Craving control using nicotine replacement therapy in a teaching hospital

T E Jones et al. Intern Med J. 2012 Mar.

Abstract

Background: A period of hospitalisation is perhaps the longest period of enforced 'temporary abstinence' smokers have to endure and hence many crave during their admission. Cravings may result in patients' smoking on hospital premises. Nicotine replacement may reduce cravings, decrease smoking on hospital grounds and increase interest in quitting post-discharge.

Aim: The aim of this study was to compare the efficacy of two nicotine formulations in controlling inpatient cravings and enthusiasm for quitting post-discharge.
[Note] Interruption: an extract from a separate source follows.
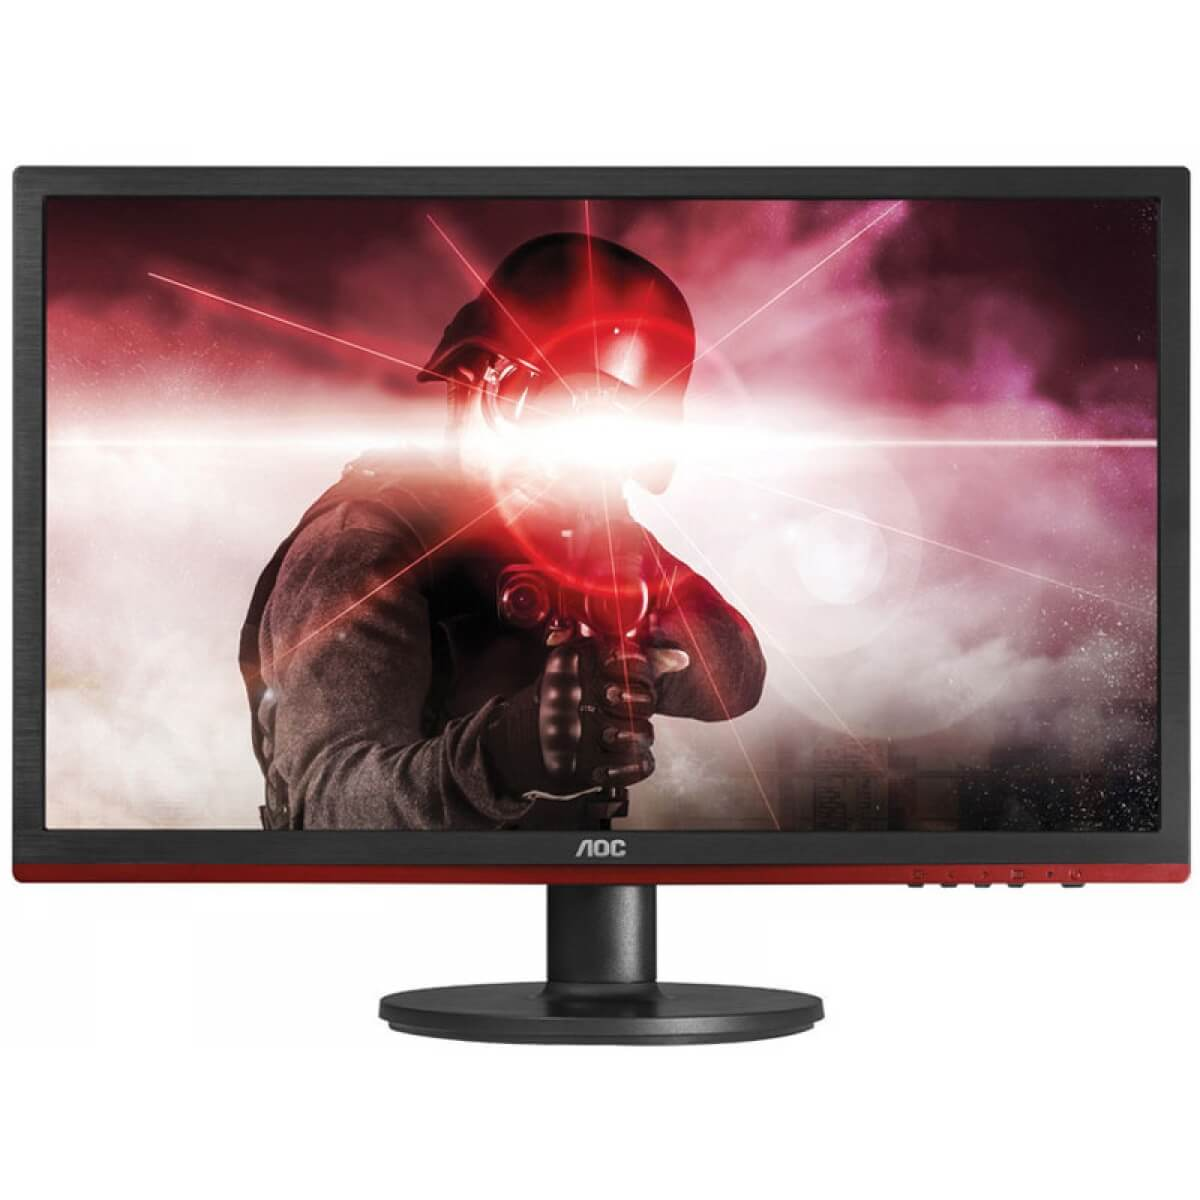 Monitor AOC Gamer 21,5 FULL HD 1MS 75HZ Freesync G2260VWQ6

Methods: Inpatients who were smokers were randomised to nicotine patch or inhaler on alternating days. Patients selected their preferred formulation, which was then used for the duration of the hospital stay. Craving control and formulation preference were assessed by visual analogue scales (VAS), and interest in quitting on a 3-point scale. Abstinence was confirmed by exhaled breath CO monitoring.

Results: Patches were preferred by 64% of the 367 subjects. Fewer patients went outside to smoke after either formulation (37% before, 5% after enrolment). Cravings were reduced by both nicotine formulations (mean VAS score fell from 7.5 to 1.7). Interest in quitting post-discharge increased. Estimated mean exposure to nicotine was 5 mg/day (inhaler), 15 mg/day (transdermal patch) compared with 30 mg/day (cigarettes) before hospitalisation.

Conclusions: Many smokers crave and some smoke outside during a hospital admission. While the patch was the preferred formulation of nicotine replacement therapy, both were effective in reducing cravings, increasing motivation for quitting post-discharge and improving Hospital 'image' by reducing smoking on campus. Nicotine replacement therapy should be made available to inpatients in all hospitals and other places of enforced prolonged abstinence.